Are you afraid technology will replace you?
We (the humans) are in this together because technology affects everyone.
Want to know a secret?
Just keep reading.
To All of Us Hunched Over Our Phones:
Although I will cover cybersecurity, information assurance, data security, data privacy, data breaches, AI, social media, and other quasi-legal and legal topics, these are issues not just for lawyers but for everyone—everyone that’s human that is.
What I’m really talking about is privacy in our virtual lives. And what are these issues really about? Safety. I want people to be safe online, feel safe online, and have their information—their very privacy and sense of well-being—protected. That’s not going to come with a mere antivirus software update.
SECRET REVEALED: And we need to learn to protect our own privacy because the government, other people, corporations, and the courts repeatedly fail us. By and large, they do not care, or they would have made you safer.
And it’s not only that they refuse to care. It’s that they remain willfully ignorant of what it takes to fix the problem(s). They are also betting that you don’t care either. Because not caring about your data that’s being bought and sold a thousand times over makes you vulnerable to ID theft and vulnerable to online manipulation. Same goes for you family members. Make no mistake: your data (all of our data) is by far the most valuable commodity on Earth. Nothing else comes close.
Don’t scowl at me like this guy below just because I gave you bad news. I want to provide helpful information because that’s what lawyers should be doing—helping people.
It’s up to us, together, and I want to help. We can all help each other.
Sincerely,
Michael Wells, Esq., MLS
P.S. You can keep reading or not. If this offends you…it wasn’t intended. Thanks for at least clicking.
If you want to know more, keep reading and consider subscribing.
1. We are in the midst of the greatest technological revolution in human history.
That revolution is a double-edged sword. On the one hand, it is oh so convenient to have that app which populates all your payment information and seems to know everything about you. On the other hand, it threatens our privacy, which we know because we all dismiss that nagging thought, what all do they know about me? Who is the THEY that knows, too? The sad truth is I don’t know—not fully.
Here’s what I can tell you: We all sacrifice privacy for convenience, but do we give up all of our privacy just because we didn’t real a 70 “disclosure” on a free app we downloaded in 2017? We shouldn’t have to.
Uncomfortable? I know I am. Here’s a little AI generated “art” to make you feel better about our glorious future.
Doesn’t this guy make you feel better about the future?
He is the future, and he’s here now. I know, I know. You aren’t worried, huh? On the offhand chance you might be alarmed as you’ve heard so much about AI, I suggested you keep reading (and…psst…subscribe).
Are we all doomed? Maybe, maybe not. No one knows.
However…
Steps can be taken to minimize this risk if people read, learn, talk, and work together.
Privacy matters to hundreds of millions of people in the United States, not just lawyers, judges, social scientists, policy makers, and companies who fear being sued over privacy violations. The right to privacy is a fundamental right recognized as existing under the Fourteenth Amendment of the United States Constitution.[1] When a right is deemed fundamental under the Constitution, it means it is so vital to human existence that life cannot be lived in any fulfilling and meaningful way without it.[2]
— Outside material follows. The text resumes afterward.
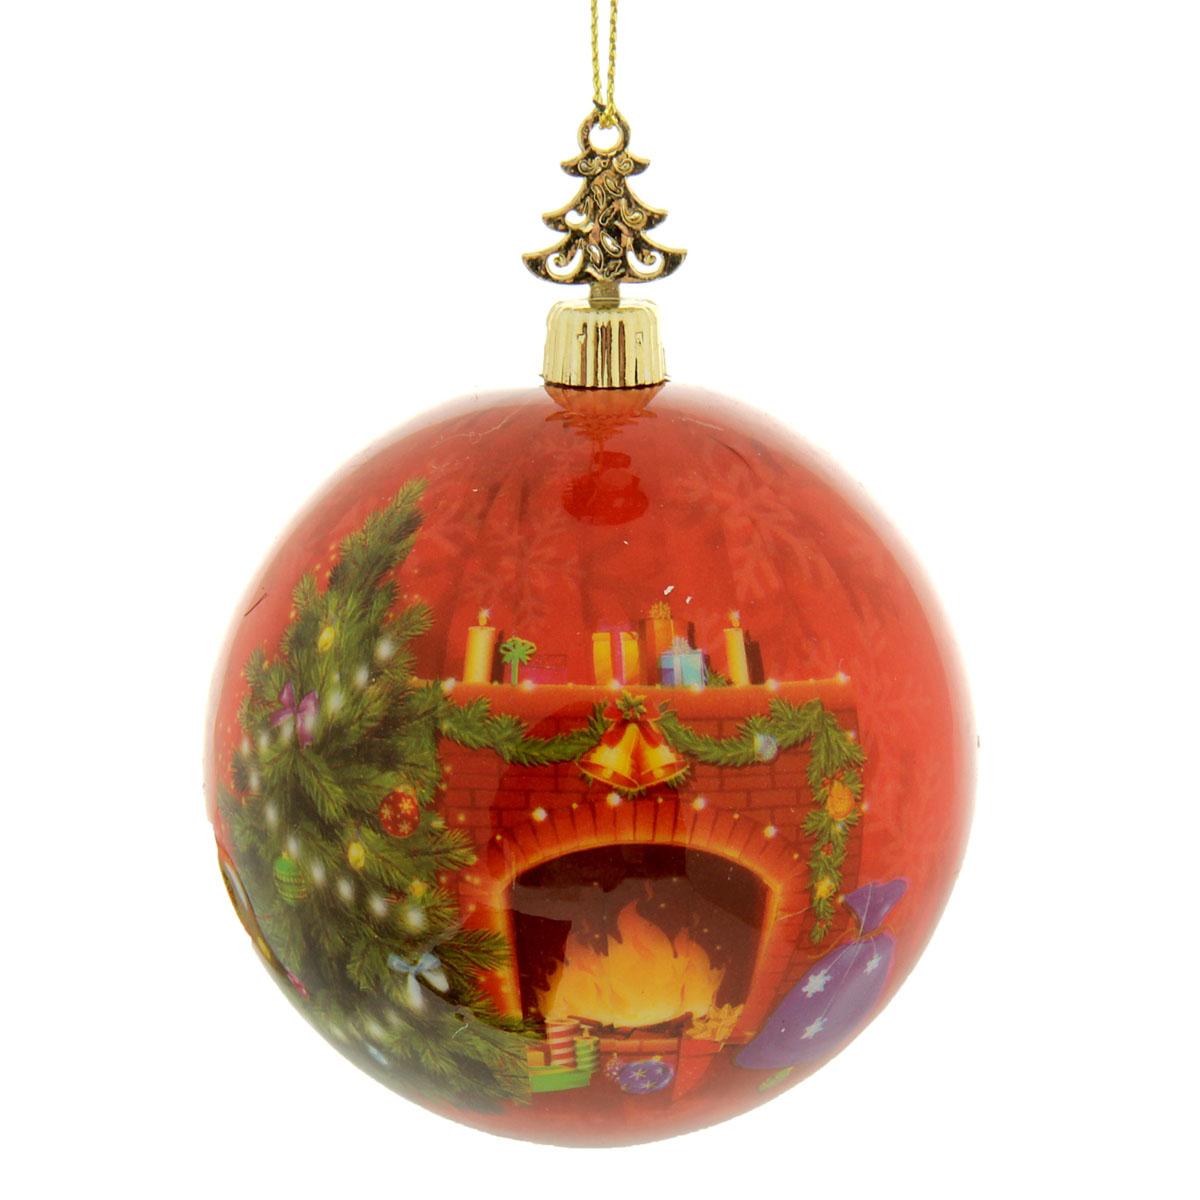 Новогоднее подвесное украшение Sima-land Шар Счастливого Нового года!, диаметр 8 см279332Новогоднее подвесное украшение Sima-land выполнено из высококачественного пенопласта в форме шара и покрыто цветной пленкой. Шар декорирован новогодним рисунком и пожеланиями. С помощью специальной петельки украшение можно повесить в любом понравившемся вам месте. Но, конечно, удачнее всего такой набор будет смотреться на праздничной елке. Елочная игрушка - символ Нового года. Она несет в себе волшебство и красоту праздника. Создайте в своем доме атмосферу веселья и радости, украшая новогоднюю елку нарядными игрушками, которые будут из года в год накапливать теплоту воспоминаний. Материал: пенопласт, пленка, текстиль.

Although the Constitution generally addresses freedoms as they pertain to an individual against the government, privacy is a much broader concept and right, one that is in grave danger. In America, both the government and big business are eroding the right to privacy.[3]
Currently, the government, corporations, data brokers, and health providers are all collecting our personal, medical, and financial information, the most intimate details of our lives; sometimes we know about it, and sometimes—often—we do not.[4] This data is the most valuable commodity on earth, and it is being collected, packaged, and sold, often without our consent or knowing.[5]
Protecting the right to privacy means protecting this personal data, our personal data, which is comprised of the most intimate details of our lives such as our sexual preference, our sex lives, gender identity, medical history, thoughts, doubts, needs, desires, preferences, things we only tell our loved ones (and that they tell us), our emails, texts, online chats, browsing history, purchasing history, nanny cam videos, and private details about our young children. In short, privacy is a “precondition to a life of meaning.”[6] Imagine that information is vulnerable, that we are vulnerable, that our children are vulnerable. Because it is vulnerable. We are all vulnerable, which means we are unsafe unless we can somehow be protected.
When a data breach occurs, our private information, intimate data about what creates our identity and what makes us human, it is stolen by hackers from, for example, online retailers such as Target, Walmart, Amazon, LinkedIn, Equifax, TransUnion, and others, and more than likely used to steal our identity and do us personal, financial, and psychological harm.[7]
2. I want more than a dialogue—I want a large debate with many people all of whom say what works and what doesn’t.
We can all learn from each other. When OpenAI introduced ChatGPT earlier this year, it sent shock waves throughout the world. Although AI has been around for quite a while and used by most of us (Alexa, Westlaw, GPS, Google, and Siri), many in the news outlets, social media, and other web publications made it out to be that the Terminator robots were taking over. It isn’t really that way.
But we can and should learn about AI and other technologies. We simply have to to stay competent…to remain professionally viable…to not be obsolete.
3. What the hell do I know, and why am I sending you this?
For the reasons set forth in this section, I believe I have specialized knowledge that can help people—not just lawyers—protect themselves from technology as well as use technology to their advantage. I have practiced law for 18 years representing injured people, victims of data breaches in plaintiff’s data breach class actions in both state and federal court, and I’ve helped corporations as well.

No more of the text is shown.